# Day 7
## Part 1

Storage is every computer scientist's problem :)

Let's find out the size of each directory through non-binary trees
1. Define a tree for directories

In [1]:
# file objects:
# name:     string for the file name
# size:     interger for the file size 
class File:
    def __init__(self, name, size):
        self.name = name
        self.size = size

# directory tree object:
# name:             name of the node (name of the folder)
# nodes:            dictionary containing its leafs and subtrees
# 
# functions:
# add folder:       adds a folder (of type DirectoryTree) to the tree
#                   folders don't have a size, but they do have a name
# add files:        adds a file (of type File) to the tree like a leaf node
#                   files have a name and a size
# calculate_size:   calculates the size of the tree (i.e. all the files it contains)
#                   recurses through all its subtrees
class DirectoryTree:
    def __init__(self, name):
        self.name = name
        self.nodes = {}

    def add_folder(self, name):
        self.nodes[name] = DirectoryTree(name)
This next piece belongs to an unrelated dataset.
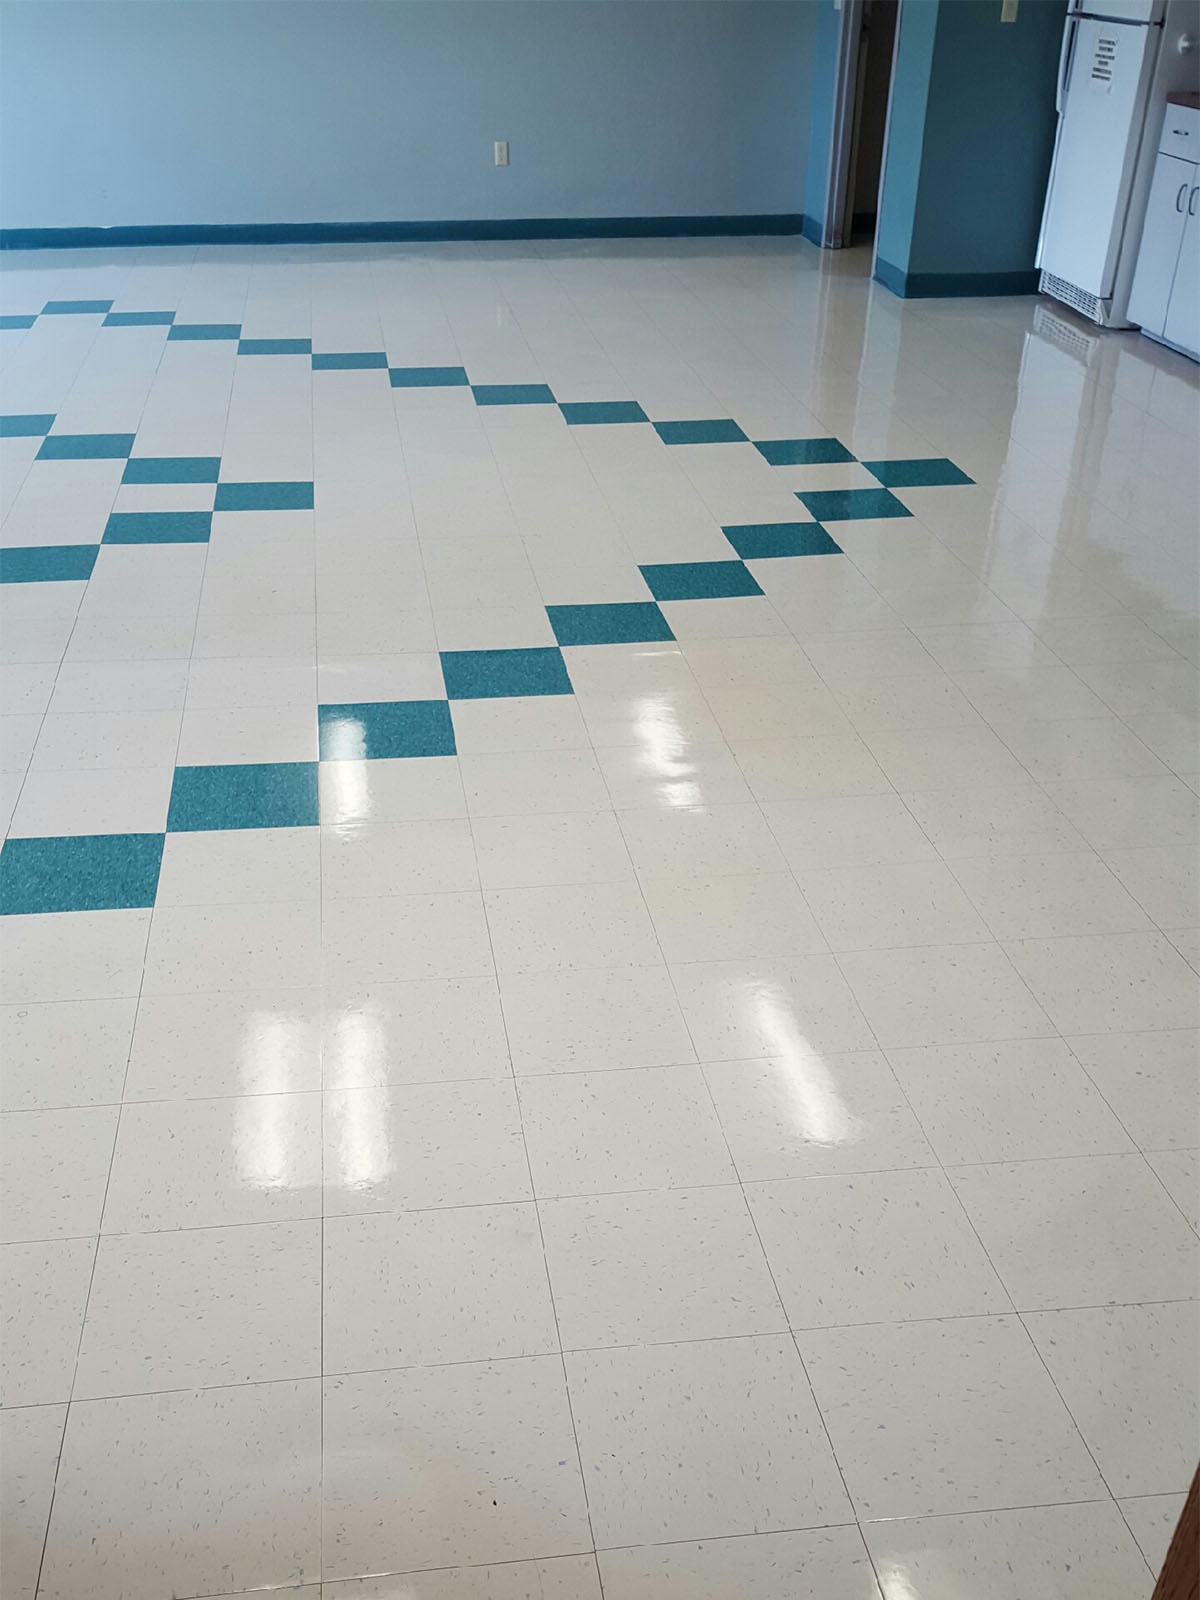 Now it looks like a brand new floor after our professional tile cleaning services.

    def add_file(self, name, size):
        self.nodes[name] = File(name, size)

    def calculate_size(self):
        total_size = 0
        for node in self.nodes.keys():
            # add file sizes to the total size
            if type(self.nodes[node]) == File:
                total_size += self.nodes[node].size
            # recurse for non-empty folders
            elif type(self.nodes[node]) == DirectoryTree and self.nodes[node].nodes != []: 
                total_size += self.nodes[node].calculate_size()
        return total_size

In [2]:
dir = DirectoryTree('/')
dir.add_folder('subdir')
dir.add_folder('subdir2')
dir.nodes['subdir2'].add_folder('subsubdir')
dir.nodes['subdir2'].nodes['subsubdir'].add_file('file_1', 11)
dir.nodes['subdir2'].nodes['subsubdir'].add_file('file_2', 12)
print(dir.nodes['subdir2'].calculate_size())

23


2. Import the data

In [3]:
raw_cmd_stuff = open('data/7.txt', 'r')
lines = raw_cmd_stuff.readlines()

3. Iterate through it and build a tree

In [4]:
tree = DirectoryTree('/')
current_dir = tree
parents = []

for line in lines:
    # $ cd / 
    # go to outer directory
    # reset parents
    if line == '$ cd /\n':
        current_dir = tree
        parents = []

    # $ cd .. 
    # move 1 directory down by reconstruction current_dir using parents
    # remove last parent
    elif line == '$ cd ..\n':
        current_dir = tree
        parents.pop()
        for parent in parents:
            current_dir = current_dir.nodes[parent]

    # $ cd something
    # move 1 directory up to something
    # add new parent
    elif line.startswith('$ cd'):
        new_dir = line.split(' ')[-1].replace('\n', '')
        current_dir = current_dir.nodes[new_dir]
        parents.append(new_dir)

    # $ ls
    # list all the files and folders in the current dir
    # (nothing happens here, we simply read in the following lines)
    elif line == '$ ls\n':
        pass

    # dir something
    # add folder something to the current dir
    elif line.startswith('dir'):
        new_folder = line.split(' ')[-1].replace('\n', '')
        current_dir.add_folder(new_folder)

    # number something
    # add file with size and name to current dir
    else:
        size = int(line.split(' ')[0])
        name = line.split(' ')[1].replace('\n', '')
        current_dir.add_file(name, size)


4. Calculate file sizes in all subtrees < 100000

In [5]:
# dictories don't allow duplicates, so just store sizes in array
sizes_all = []
sizes_small = []

def calc_subtree (subtree):
    for node in subtree.nodes:
        if type(subtree.nodes[node]) == DirectoryTree:
            size = subtree.nodes[node].calculate_size()
            sizes_all.append(size)
            if size < 100000:
                sizes_small.append(size)
            calc_subtree(subtree.nodes[node])

calc_subtree(tree)

5. Sum the sizes

In [6]:
sum(sizes_small)

1648397

## Part 2

What folder to remove?

1. Calculate how much needs to be removed
2. Check all sizes that would be large enough and are as small as possible

In [7]:
size_all = tree.calculate_size()
target_size = 40000000
target_remove = size_all - target_size

best_size = size_all

for size in sizes_all:
    # larger than needed
    if size > target_remove:
        # as small as possible
        if size < best_size:
            best_size = size

best_size

1815525